Holiday air travel is always a hassle, and this year’s new screening procedures have added additional concerns for many, especially those with medical conditions or disabilities. Now, just in time for the holiday travel period, a medical notification card can be used to discreetly alert airport screeners.

Last month bladder cancer survivor Thomas Sawyer was left covered in urine following an aggressive airport security pat-down. Transportation Security Administration (TSA) screeners refused to let him explain his medical condition or explain that he wears an ostomy pouch to collect his urine. The Bladder Cancer Advocacy Network and other organizations asked the TSA to take many steps, including improving their training procedures so people with medical issues can feel more comfortable going through security.

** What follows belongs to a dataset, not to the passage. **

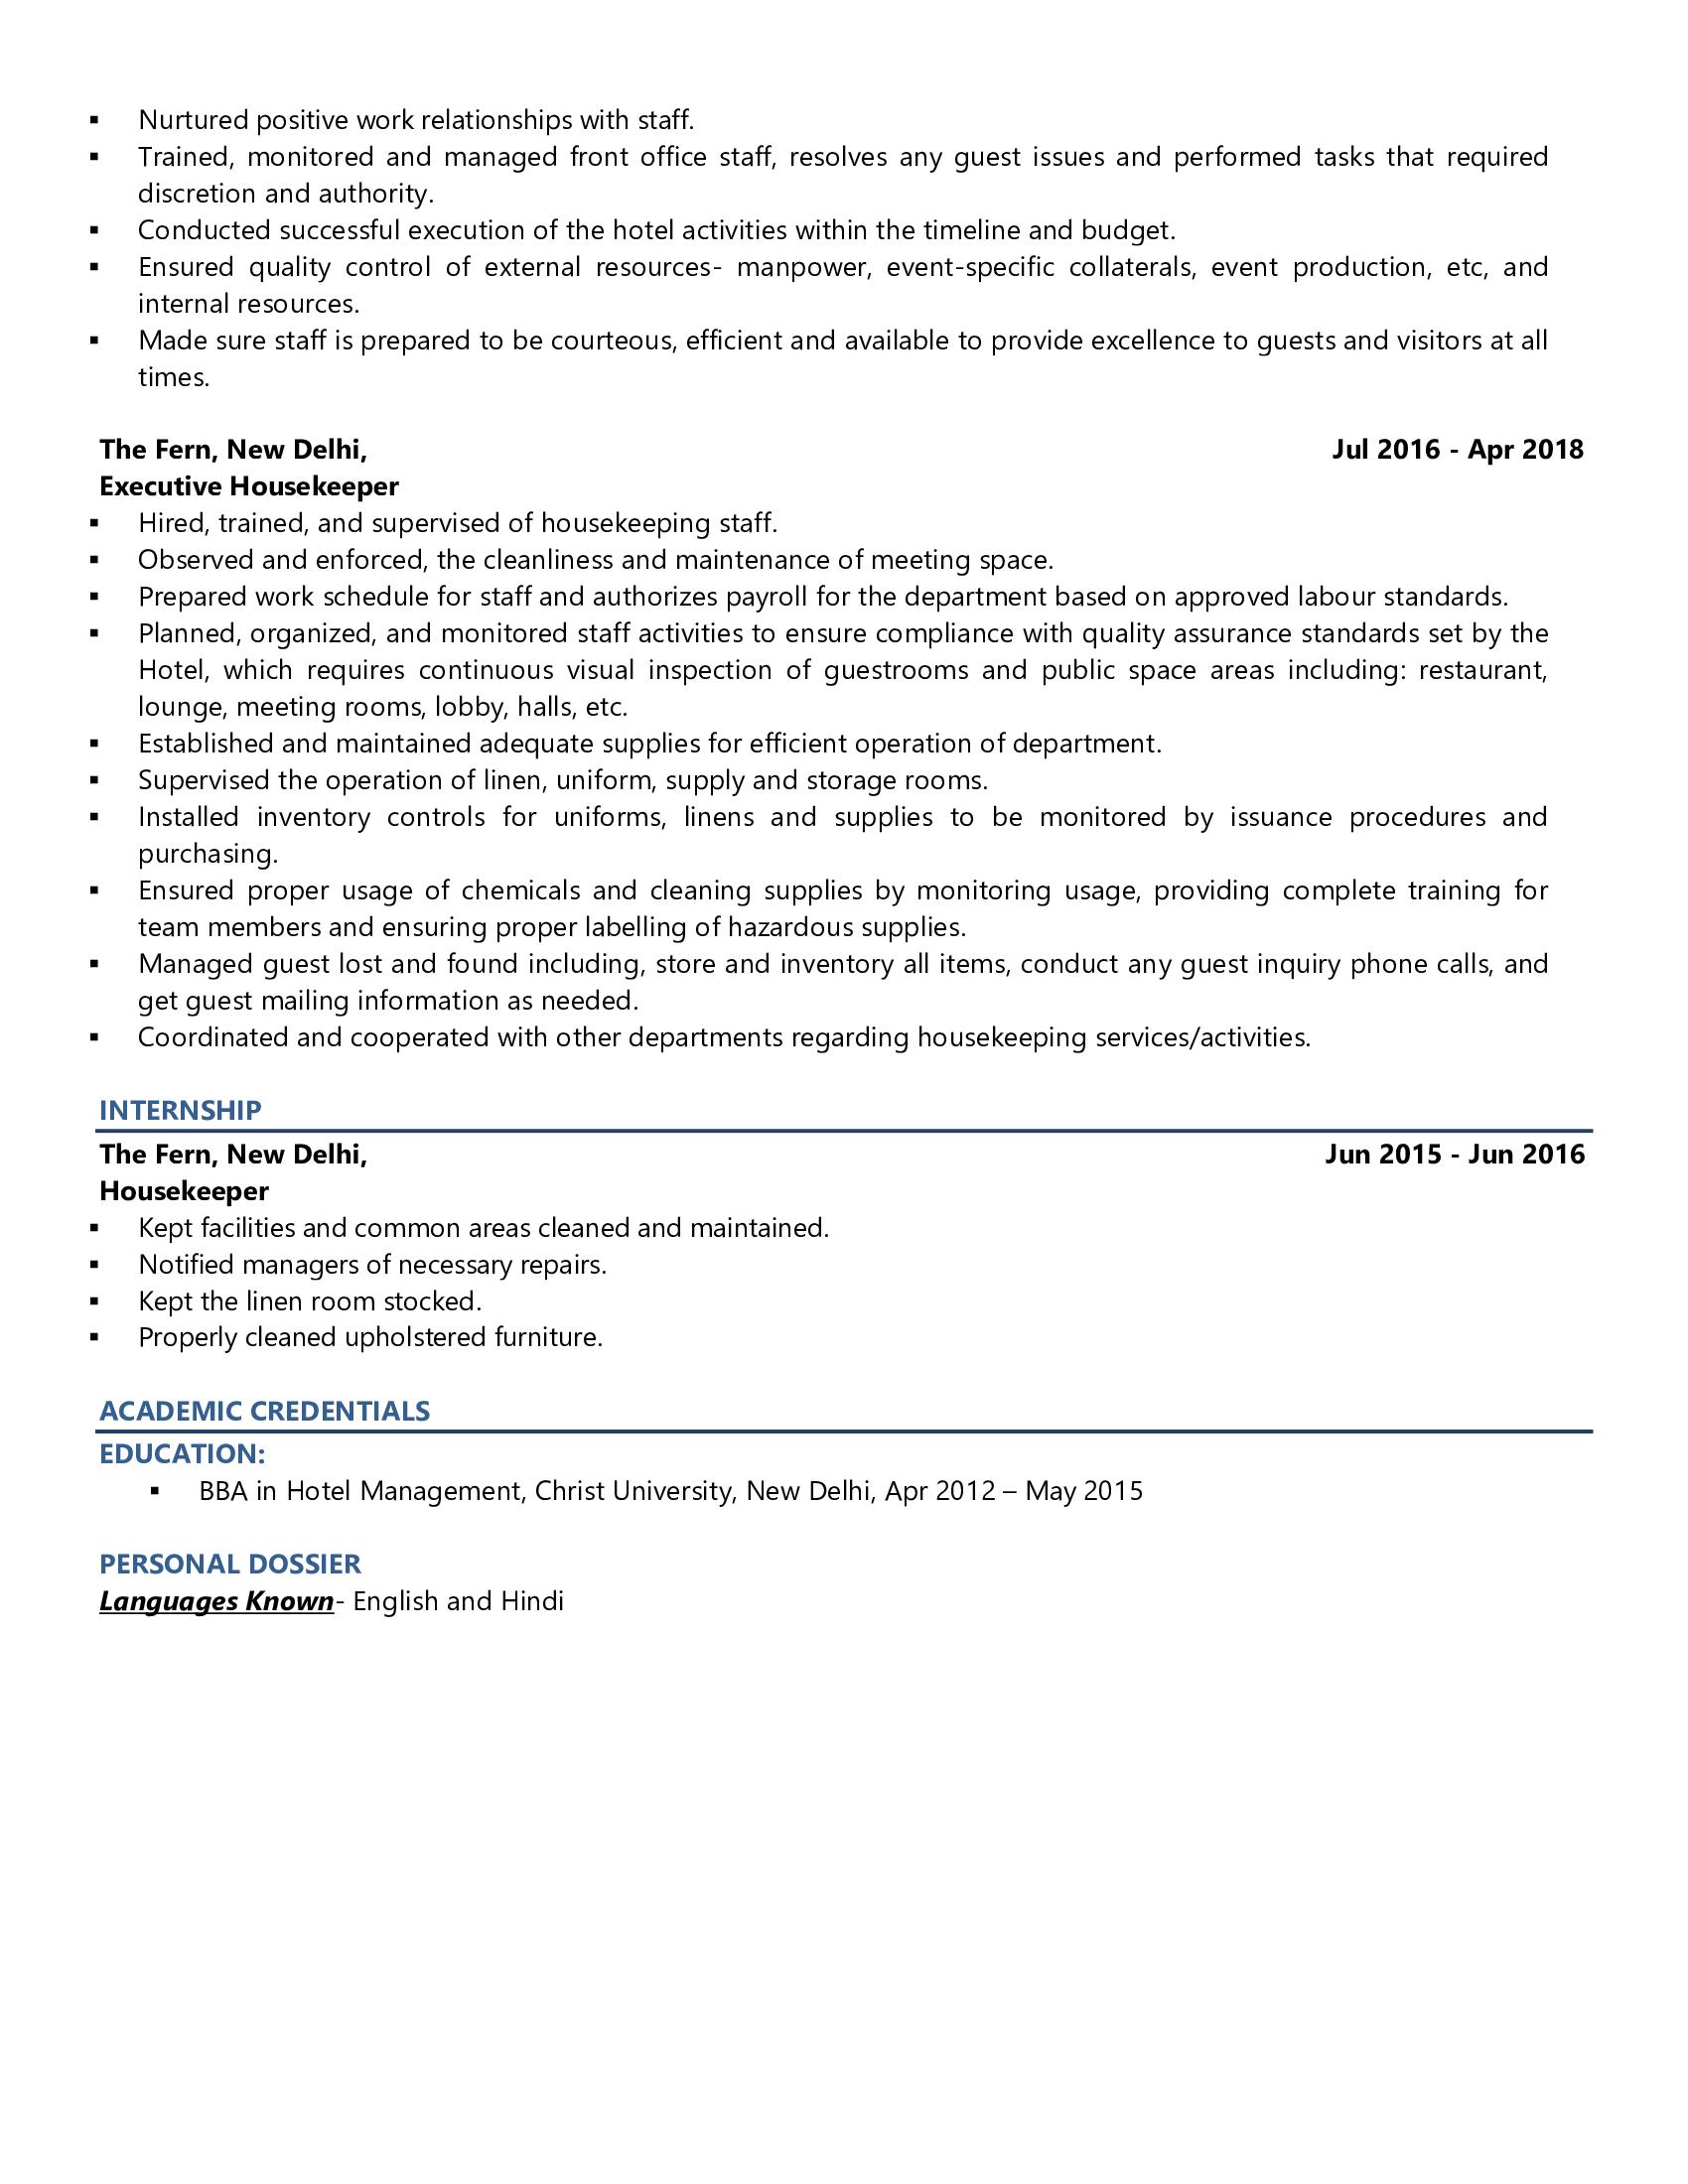 Hotel General Manager - Resume Example & Template

In response, the TSA has now agreed to embrace the use of new medical notification cards, which enable those with medical concerns to discreetly make screeners aware of their situation. A spokesperson said TSA worked with a coalition of about 70 representatives from disability and health organizations to develop the cards.

The front of the new TSA notification card states: “I have the following health condition, disability or medical device that may affect my screening” with a box marked “optional” for travelers to write in. Below that, the card reads, “I understand that presenting this card does not exempt me from screening.”

The reverse side of the card reiterates screening may still be necessary and says the “TSA respects the privacy concerns of all members of the traveling public” and that “alternate procedures which provide an equivalent level of security screening are available and can be done in private.”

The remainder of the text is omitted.